Introduction

Noncommunicable diseases (NCDs) are the leading causes of death globally, killing more people each year than all other causes combined1. The combined burden of these diseases is rising fastest among lower-income countries, including Ethiopia2. Of these diseases, cancer and Diabetes Mellitus (DM) are challenging the health system in Ethiopia. Although there is limited data, the Federal Ministry of Health (FMOH) estimated that there could be more than 150,000 cancer cases in Ethiopia each year3. Besides, of total national mortality in the country, 5.8% is caused by cancer4. On the other hand, it is estimated that developing countries, including Ethiopia, bear 77% of the global burden of the DM epidemic in the twenty-first century5.

Cancer and DM are diagnosed within the same individual more frequently than expected by chance, suggesting a common underlying mechanism6. About 26.9% of all people over 65 have diabetes and 60% have cancer worldwide. Overall, 8 to18% of cancer patients have DM7.

Diabetes and cancer share common risk factors such as increased age, obesity, physical inactivity, poor diet, alcohol, and smoking6. Although most evidence shows DM to be a risk factor for different types of cancer8,9,10, some findings suggest that the relationship is bidirectional11. Unfortunately, many cancer-fighting treatments are linked to diabetes and the incidence of diabetes and prediabetes is significantly higher among people with cancer compared with those who don’t have cancer12,13,14.

Some epidemiological studies suggest that diabetes significantly increases mortality in patients with cancer8,15,16,17 and is also the common cause of non-cancer mortality18. Diabetes may result in a more aggressive clinical course of cancer, strengthening its metastatic potential and favoring cancer growth by making the host organism less resistant to cancer progression, possibly by known impaired immune function in diabetes7,17,19. It is also associated with physiologic distress and decreased quality of life20 among cancer patients. On the other hand, DM significantly negatively impacts cancer patients' treatment outcomes21.

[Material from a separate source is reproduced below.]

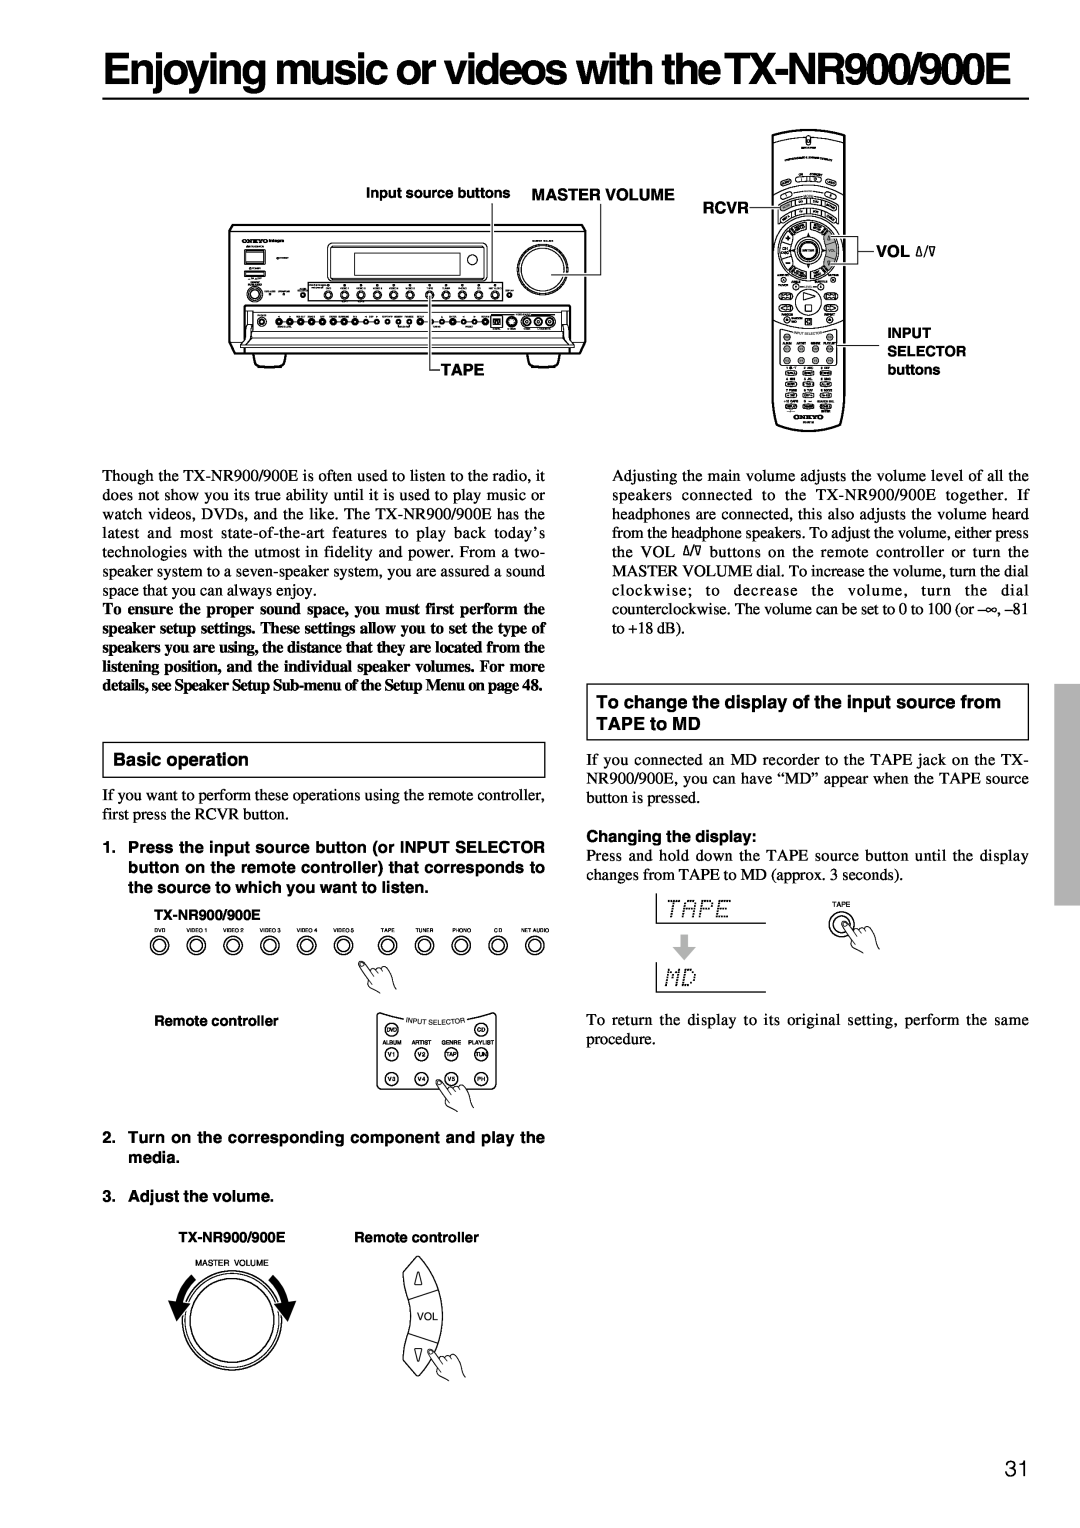 Onkyo TX-NR900E instruction manual Enjoying music or videos with theTX-NR900/900E, Basic operation

NCDs, including cancer and DM, are among the health targets of the Sustainable Development Goals22. Despite the devastating consequence of diabetes among cancer patients, there is limited evidence about its burden and associated factors. Besides, available evidence focuses on specific types of cancer. Hence, this study aimed to assess the burden of diabetes and prediabetes among cancer patients and its associated factors.

Methods

Study design and setting

An institution-based cross-sectional study was conducted from 10 January to 10 March 2021 among cancer patients on treatment at the University of Gondar Comprehensive Specialized Hospital (UoGCSH). The hospital was established in 1954 and is in the Central Gondar administrative zone, Amhara National Regional State, about 750 km Northwest of Addis Ababa, the capital city of Ethiopia. According to the 2015 population projection of major cities in Ethiopia, the total population of Gondar town was estimated to be 323,900. Currently, Gondar town has one Referral Hospital and eight government Health Centers. The University of Gondar Referral Hospital is a teaching Hospital that serves more than five million people in the North Gondar zone and people of the neighboring zones. The hospital has one Oncology ward. The ward serves more than 1000 cancer patients per year. The hospital's oncology unit currently has ten beds for managing cancer patients.

Population and sample

The source population for this study is all cancer patients who came to the outpatient and inpatient oncology department at UoGCSH. All cancer patients who visited the oncology department during the study were included. However, cancer patients who cannot communicate and have severe psychiatric problems were excluded from the study. The sample size for the study was determined using single population proportion formula considering a 95% confidence level, 5% margin of error, 50% expected proportion of diabetes, and 10% non-response rate. Then, the final sample size was found to be 423. The sample was selected using a systematic random sampling technique with a skip interval of two.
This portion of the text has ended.